Exercise data →
· · · · · · ·

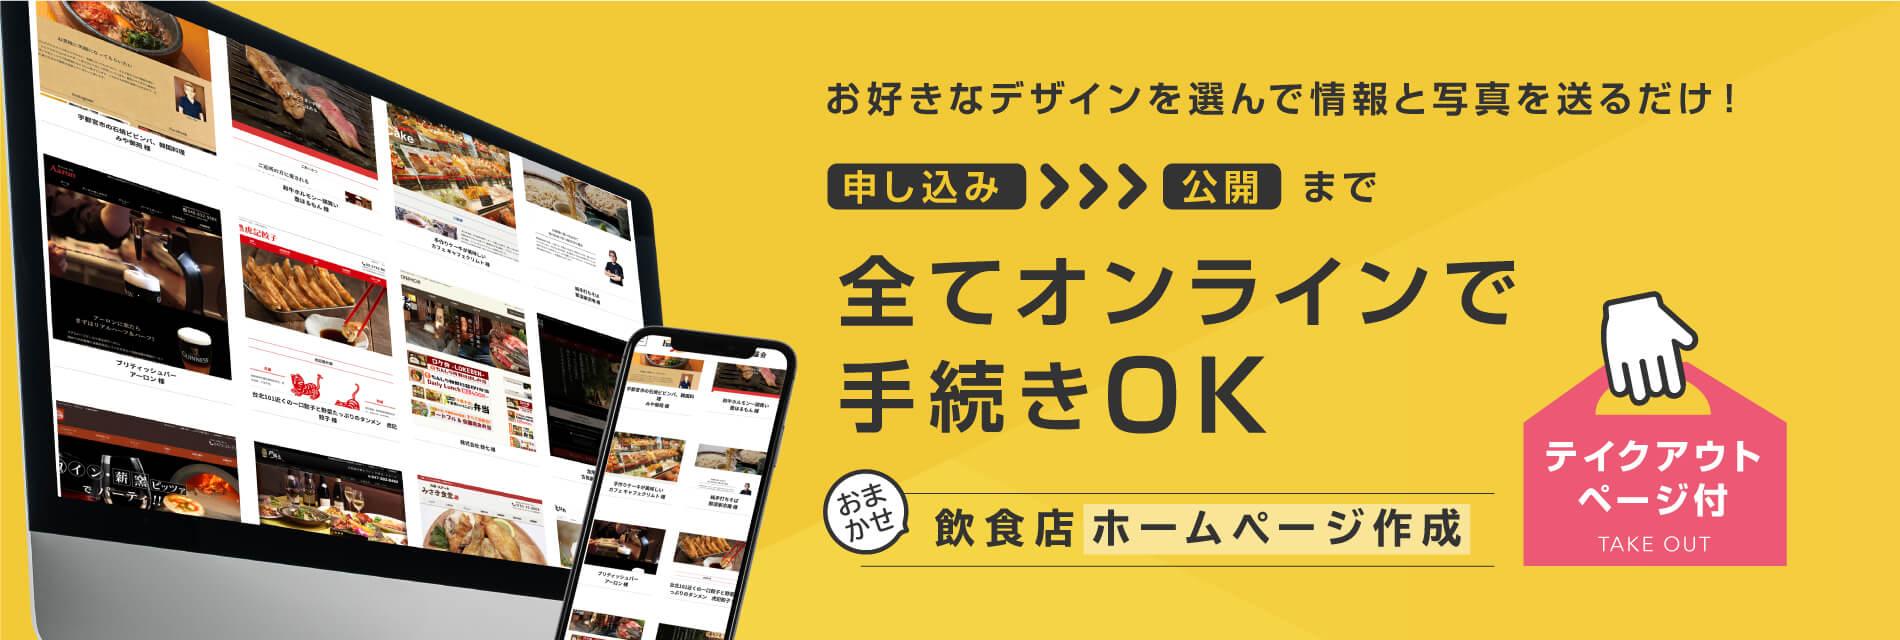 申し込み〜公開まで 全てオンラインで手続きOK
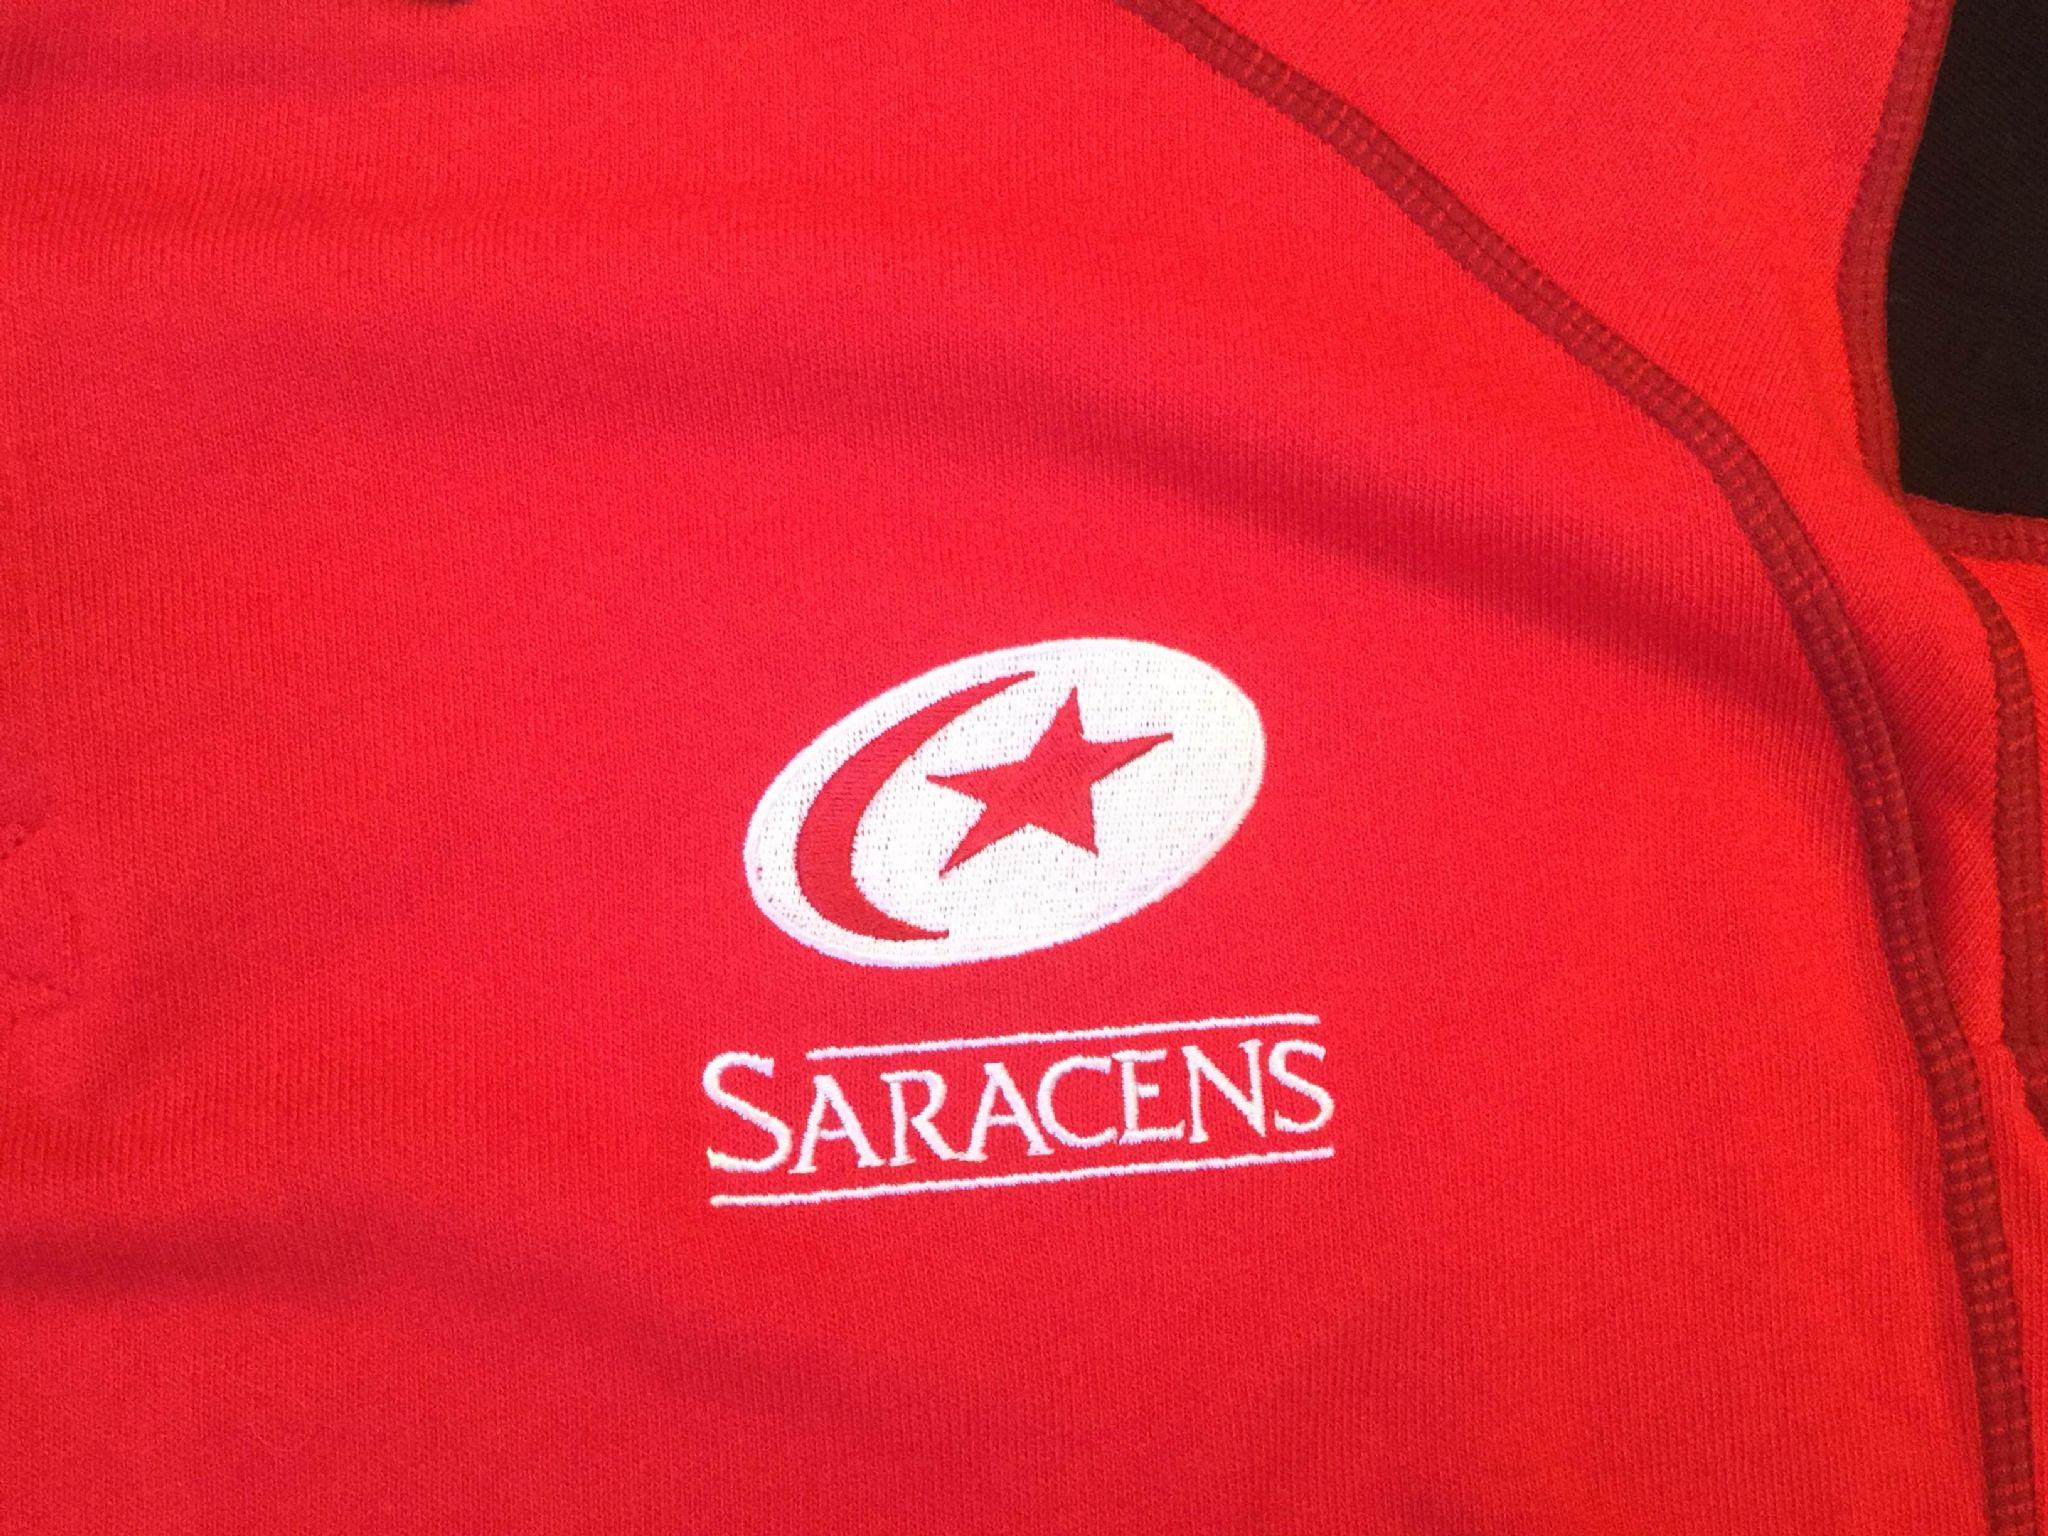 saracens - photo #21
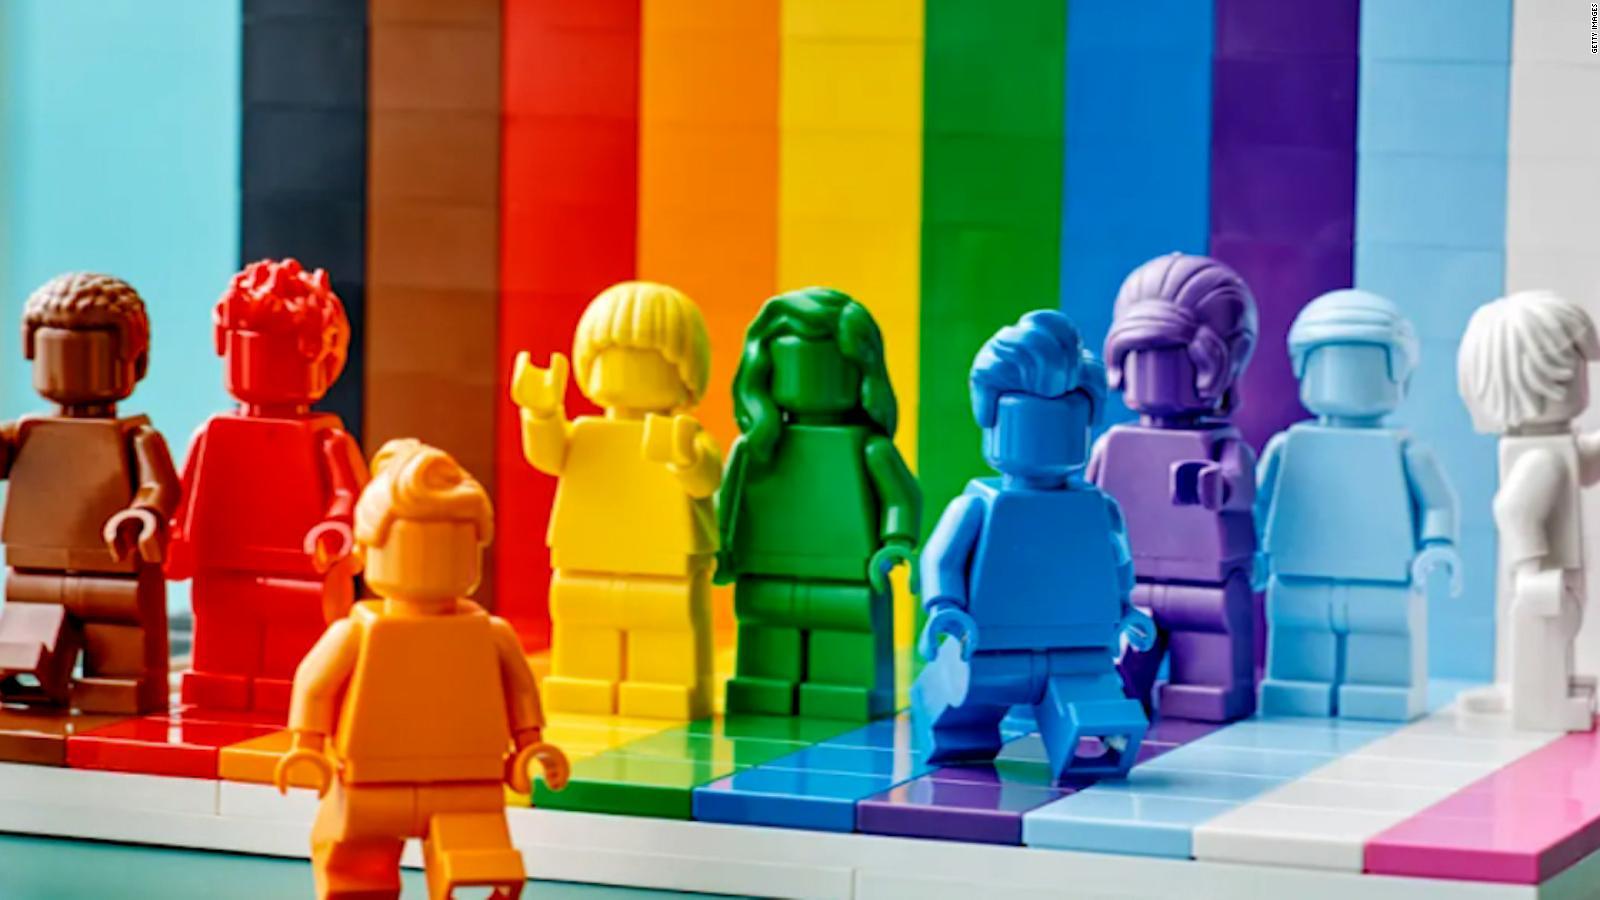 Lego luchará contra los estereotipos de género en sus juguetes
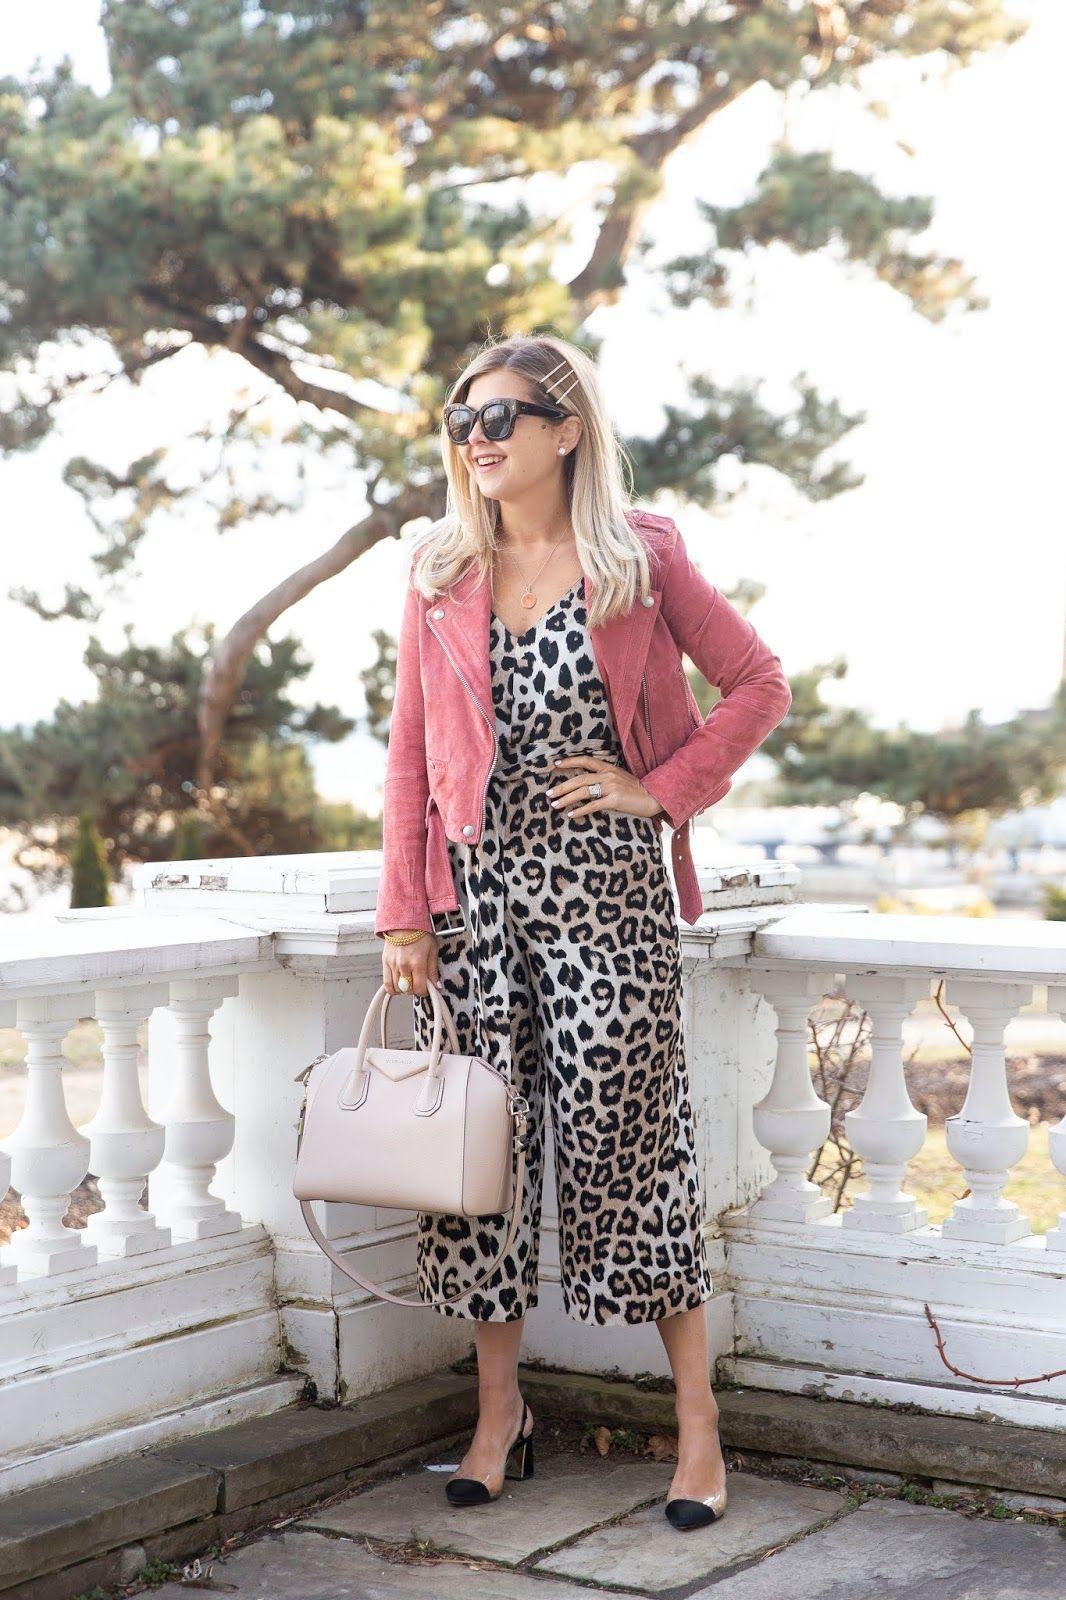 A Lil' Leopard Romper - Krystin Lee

· · · · · · ·

Your objective →
All of the material above needs to be restated exactly, with no pictures.

Response →
 申し込み〜公開まで 全てオンラインで手続きOK
 saracens - photo #21
 Lego luchará contra los estereotipos de género en sus juguetes
 A Lil' Leopard Romper - Krystin Lee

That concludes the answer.